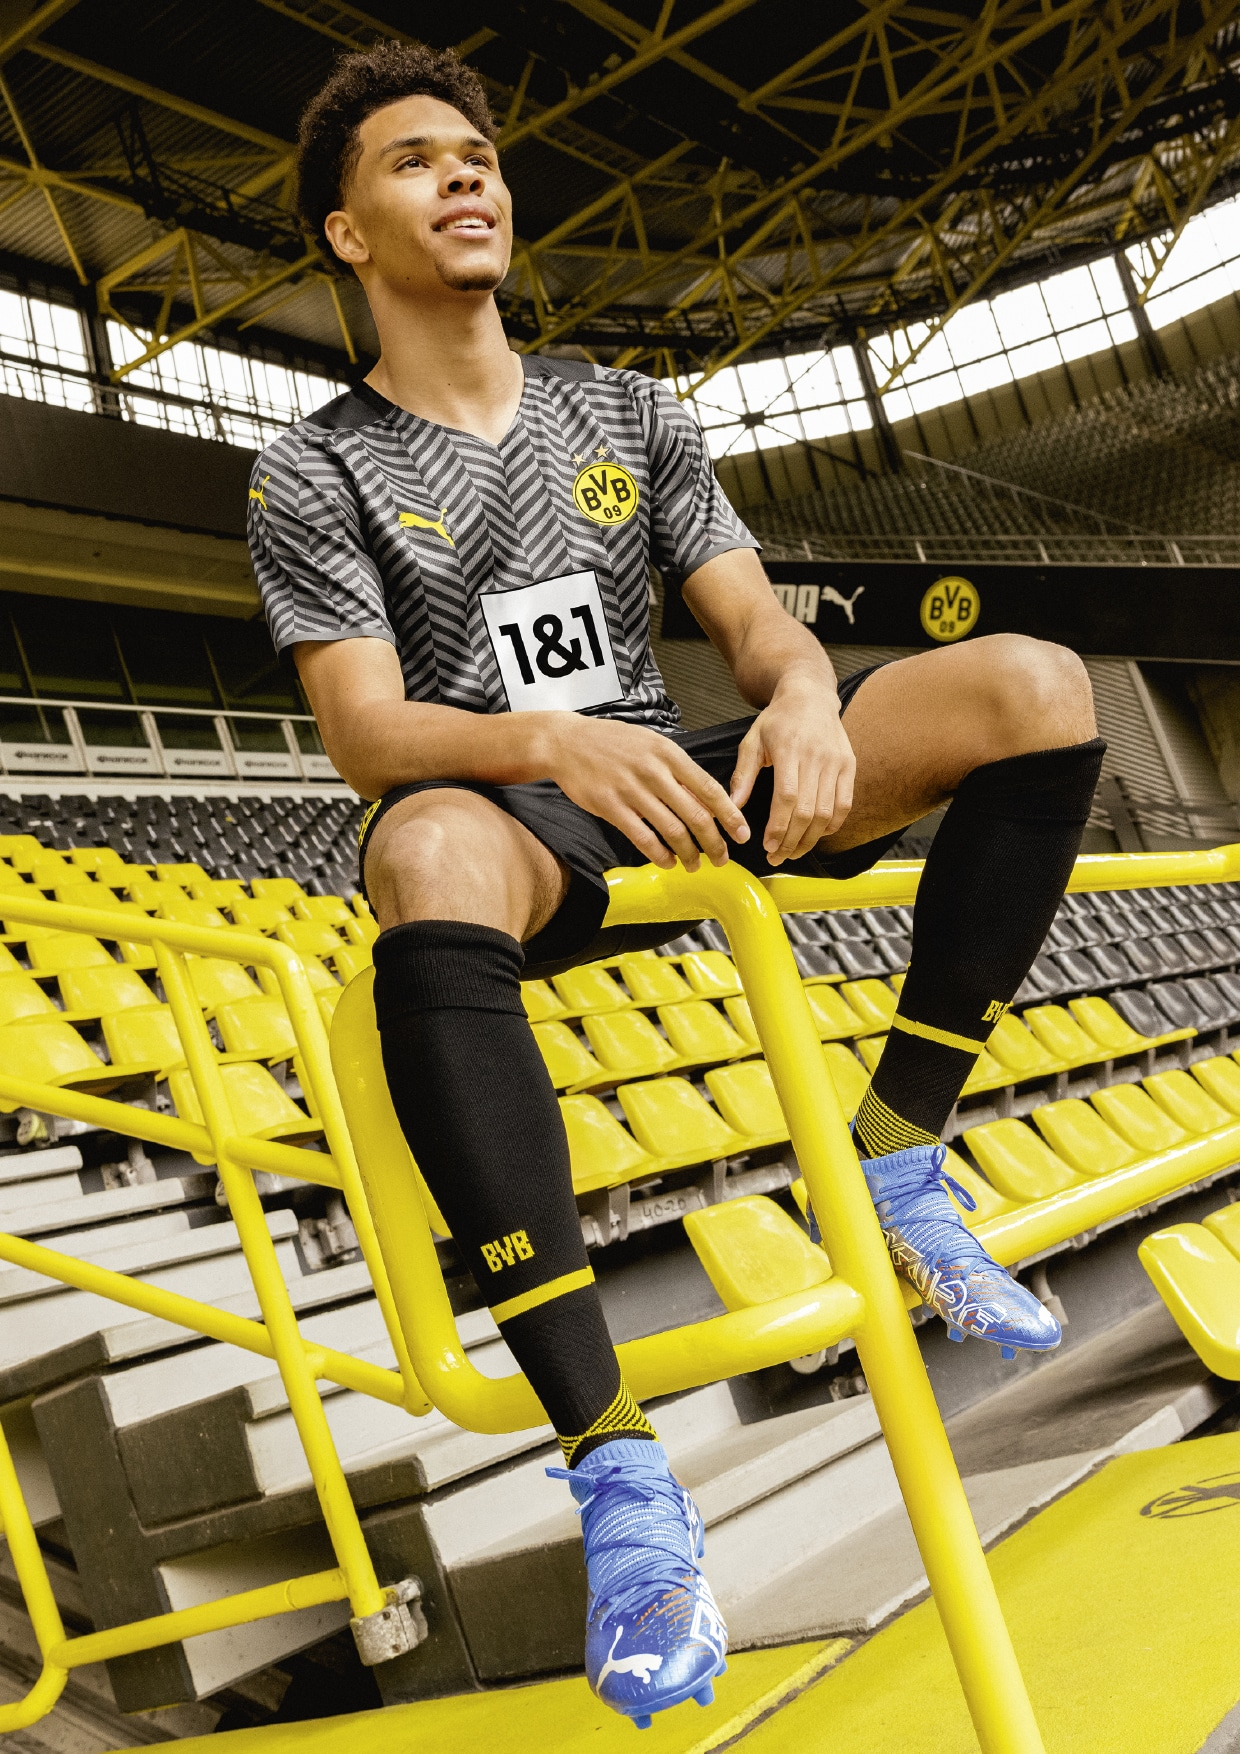 Maillot Borussia Dortmund exterieur 2021/22 PUMA
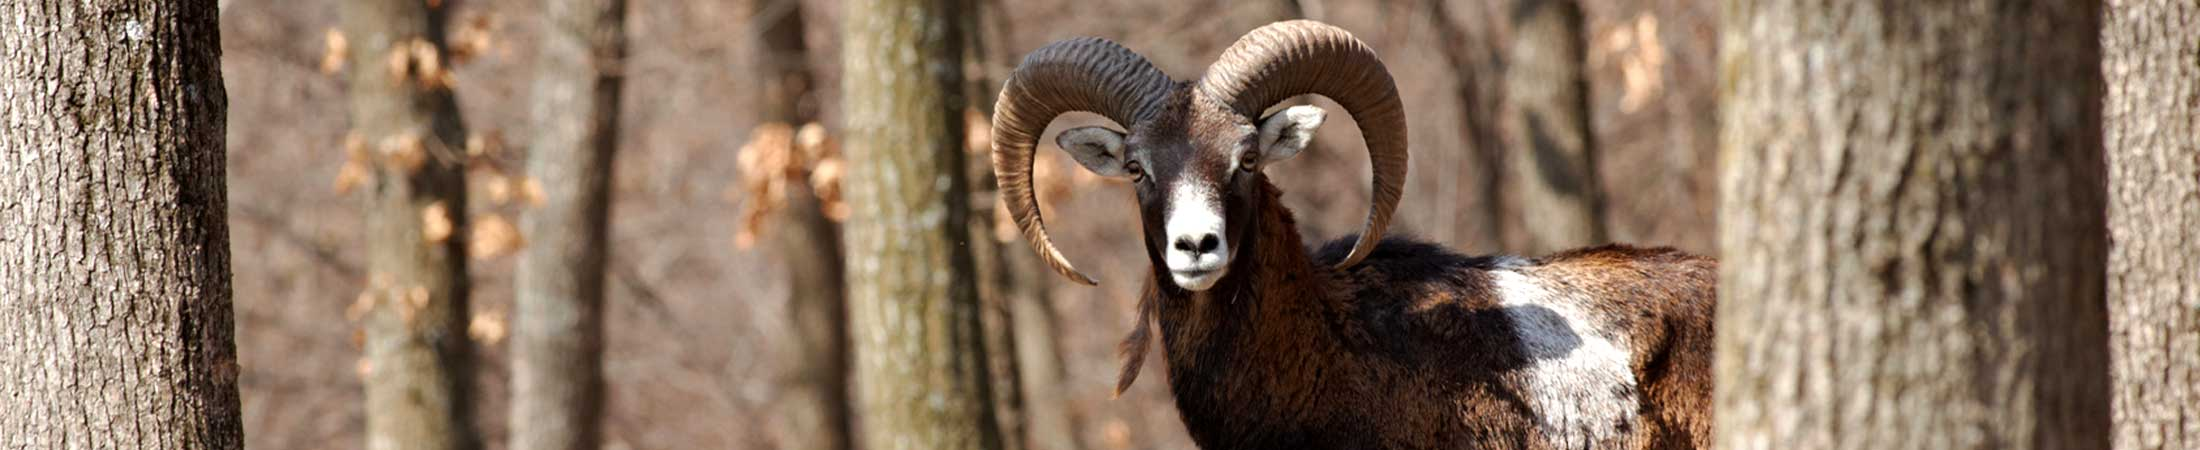 mouflon450
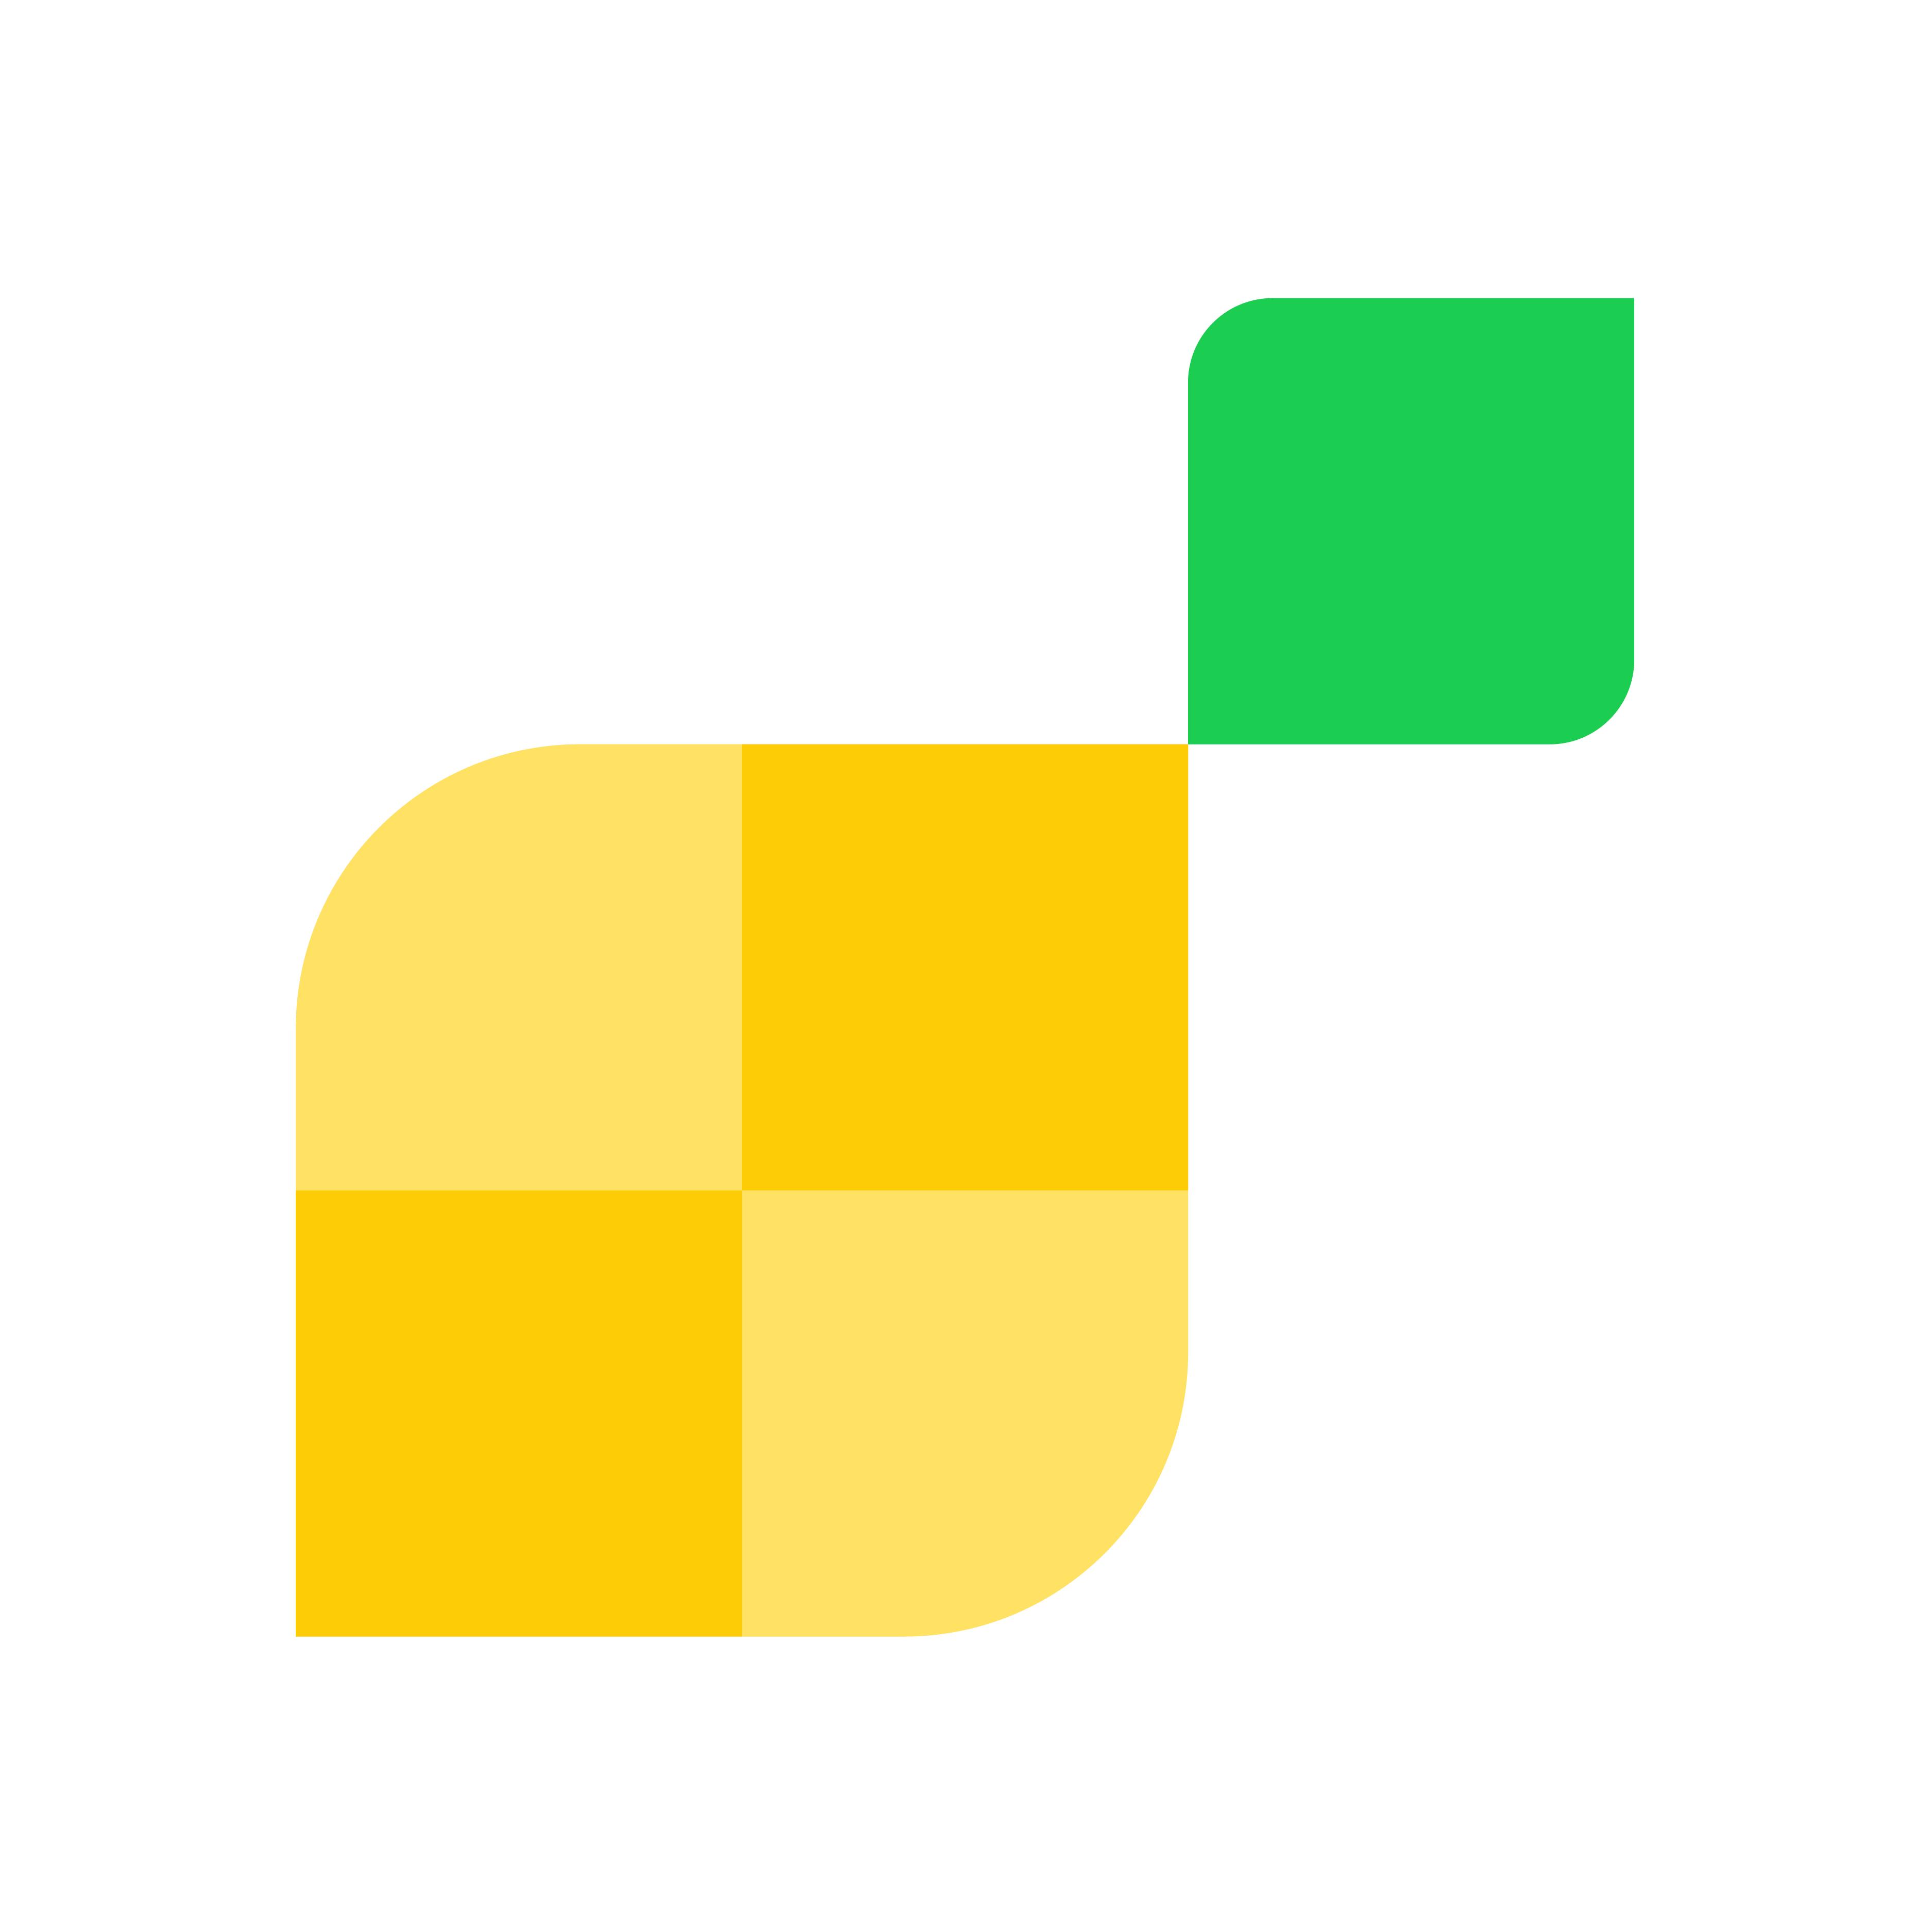 lemon data logo design by logo designer logorilla for your inspiration and for the worlds largest logo competition

Task to complete: Nothing but the pictures should be left out when the listing above is transcribed.

Your solution:
 Maillot Borussia Dortmund exterieur 2021/22 PUMA
 mouflon450
 lemon data logo design by logo designer logorilla for your inspiration and for the worlds largest logo competition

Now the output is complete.